This repo contains MATLAB code to measure performance of machine learning classifiers.
calibrate.m - this is the main file to run.
perf = calibrate(actual,predicted,trueClass,Nbins)
Returns performance metrics of your model.
actual : Ground Truth (binary class labels, 1 or 0)
predicted : Model predictions
trueClass : Label for Class of Interest (1 or 0)
Nbins : Number of bins to use for HL-test
calibrate.m calls HosmerLemeshowTest.m [1,2] and InterX.m [3].
This file performs the following calculations for a binary prediction problem:
- AUC (Area Under the Receiver Operating Curve).
- OPT_ER: Optimum Point on the ROC.
- EER (Equal Error Rate): Operating point on ROC for equal True Positive Rate and False Positive Rate.
- Accuracy: Correct classification, when the probability threshold is set to 0.5 for classification between binary classes
- TP (True Positive): Number of observations in positive class (i.e. class of interest) correctly as positive class.
- FP (False Positive): Number of observations in negative class wrongly predicted as positive.

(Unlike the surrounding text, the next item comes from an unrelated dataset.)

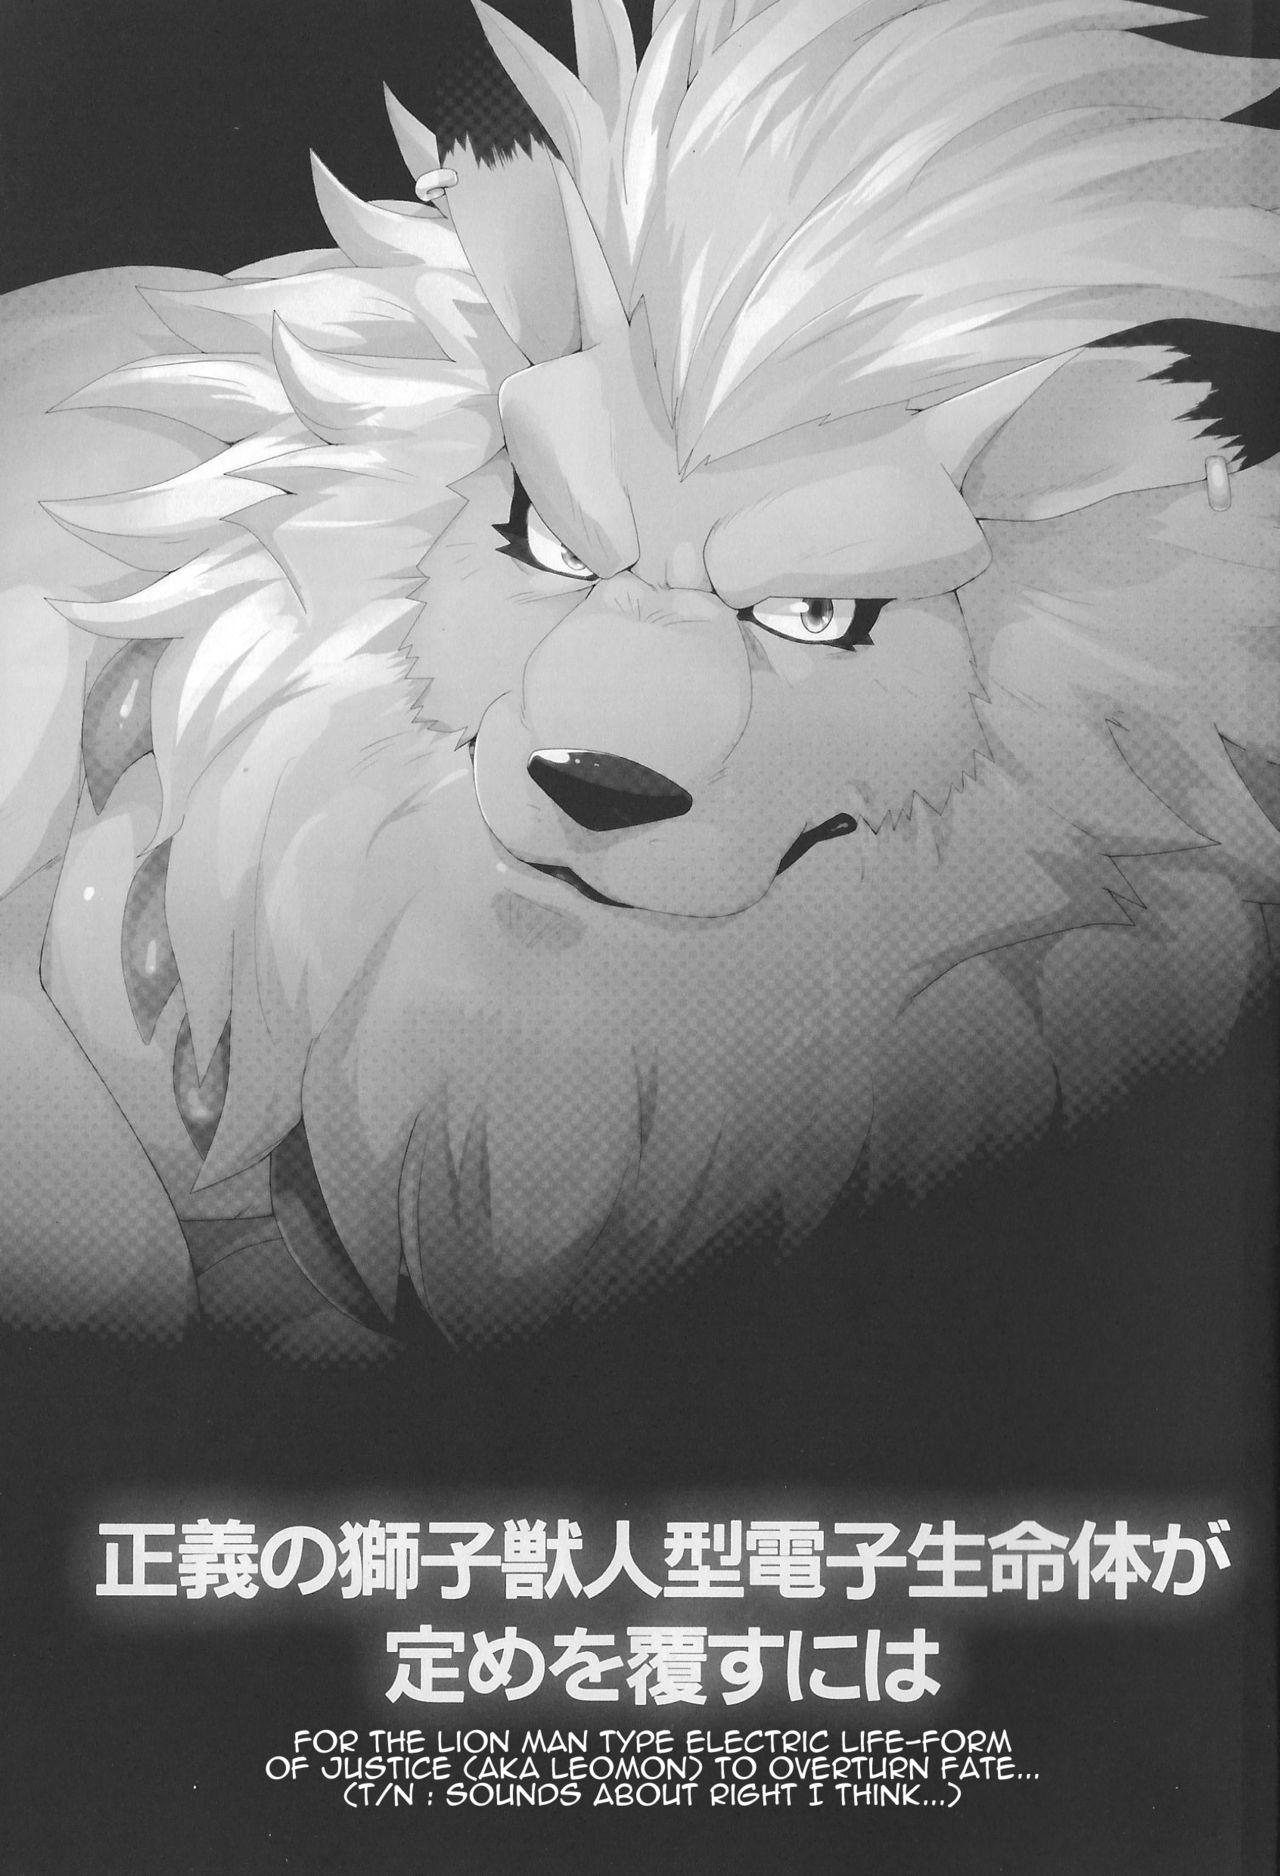 [Debirobu] For the Lion-Man Type Electric Life Form to Overturn Fate - Leomon Doujin [ENG] 3

- TN (True Negative): Number of observations in negative class correctly predicted as negative.
- FN (False Negative): Number of observations in negative class wrongly predicted as negative.
- FPR (False Positive Rate): Out of all the negative observations, the percentage of which were wrongly predicted positive.
- TPR (True Positive Rate) : Out of all the positive observations, the percentage of which were correctly predicted positive.
- Recall : (Same as True Positive Rate).
- Precision: Out of all positive predictions, the the percentage of which were correctly predicted positive.
- F1_score : The harmonic mean of Precision and Recall.
- TPR_when_FPR0p10 : True Positive Rate at 10% False Positive Rate.
- TPR_when_FPR0p05 : True Positive Rate at 5% False Positive Rate.
- TPR_when_FPR0 : True Positive Rate at 0% False Positive Rate.
- FPR_when_TPR0p90 : False Positive Rate at 90% True Positive Rate.
- FPR_when_TPR0p95 : False Positive Rate at 95% True Positive Rate.
- FPR_when_TPR1p00 : False Positive Rate at 100% True Positive Rate.
- HL_test (Hosmer-Lemeshow Test) : evaluates goodness-of-fit of model, i.e. if the model predicts 10% probability of a positive class for an observation, is the model correctly predicting the positive class 10% of the time?
Worked on MATLAB 2017a.
[1] Peng, Chao-Ying Joanne, Kuk Lida Lee, and Gary M. Ingersoll. "An introduction to logistic regression analysis and reporting." The journal of educational research 96.1 (2002): 3-14.